[[ SOURCE DATA, beginning ]]
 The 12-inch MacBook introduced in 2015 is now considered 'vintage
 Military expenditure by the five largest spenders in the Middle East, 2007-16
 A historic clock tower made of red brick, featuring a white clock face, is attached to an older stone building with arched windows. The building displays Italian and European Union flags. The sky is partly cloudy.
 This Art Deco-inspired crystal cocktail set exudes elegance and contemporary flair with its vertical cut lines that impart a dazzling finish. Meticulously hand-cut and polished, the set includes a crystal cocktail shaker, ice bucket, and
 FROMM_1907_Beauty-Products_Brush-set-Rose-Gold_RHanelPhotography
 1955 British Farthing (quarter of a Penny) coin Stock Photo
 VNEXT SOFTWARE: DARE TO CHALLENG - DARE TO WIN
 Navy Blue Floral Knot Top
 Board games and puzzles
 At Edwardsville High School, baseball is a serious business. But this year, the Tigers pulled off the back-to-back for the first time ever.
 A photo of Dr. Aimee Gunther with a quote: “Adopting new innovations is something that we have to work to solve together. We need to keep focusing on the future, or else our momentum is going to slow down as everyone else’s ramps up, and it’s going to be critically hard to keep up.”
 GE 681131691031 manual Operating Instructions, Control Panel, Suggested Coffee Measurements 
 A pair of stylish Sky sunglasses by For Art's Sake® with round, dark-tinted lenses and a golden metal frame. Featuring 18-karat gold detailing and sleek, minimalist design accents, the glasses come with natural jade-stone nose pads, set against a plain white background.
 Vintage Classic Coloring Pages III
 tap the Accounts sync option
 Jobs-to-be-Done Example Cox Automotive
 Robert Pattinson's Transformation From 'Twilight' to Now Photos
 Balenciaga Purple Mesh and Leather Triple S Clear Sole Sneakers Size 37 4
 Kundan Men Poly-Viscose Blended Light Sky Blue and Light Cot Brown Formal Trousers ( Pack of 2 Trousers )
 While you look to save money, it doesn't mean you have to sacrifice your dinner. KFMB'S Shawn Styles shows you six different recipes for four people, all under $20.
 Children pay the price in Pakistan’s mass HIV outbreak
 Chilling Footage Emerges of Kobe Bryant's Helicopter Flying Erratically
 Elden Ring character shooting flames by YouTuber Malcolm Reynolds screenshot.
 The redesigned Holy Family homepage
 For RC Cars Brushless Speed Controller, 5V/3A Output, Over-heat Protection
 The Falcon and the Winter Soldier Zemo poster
[[ SOURCE DATA, end ]]
* **WORK TO BE COMPLETED**:
Look above for the line with "At Edwardsville High"; retype exactly that line, every line after it up to the line with "Chilling Footage Emerges", and that line too, nothing else.

* **RESPONSE FOR THIS EXERCISE**:
 At Edwardsville High School, baseball is a serious business. But this year, the Tigers pulled off the back-to-back for the first time ever.
 A photo of Dr. Aimee Gunther with a quote: “Adopting new innovations is something that we have to work to solve together. We need to keep focusing on the future, or else our momentum is going to slow down as everyone else’s ramps up, and it’s going to be critically hard to keep up.”
 GE 681131691031 manual Operating Instructions, Control Panel, Suggested Coffee Measurements 
 A pair of stylish Sky sunglasses by For Art's Sake® with round, dark-tinted lenses and a golden metal frame. Featuring 18-karat gold detailing and sleek, minimalist design accents, the glasses come with natural jade-stone nose pads, set against a plain white background.
 Vintage Classic Coloring Pages III
 tap the Accounts sync option
 Jobs-to-be-Done Example Cox Automotive
 Robert Pattinson's Transformation From 'Twilight' to Now Photos
 Balenciaga Purple Mesh and Leather Triple S Clear Sole Sneakers Size 37 4
 Kundan Men Poly-Viscose Blended Light Sky Blue and Light Cot Brown Formal Trousers ( Pack of 2 Trousers )
 While you look to save money, it doesn't mean you have to sacrifice your dinner. KFMB'S Shawn Styles shows you six different recipes for four people, all under $20.
 Children pay the price in Pakistan’s mass HIV outbreak
 Chilling Footage Emerges of Kobe Bryant's Helicopter Flying Erratically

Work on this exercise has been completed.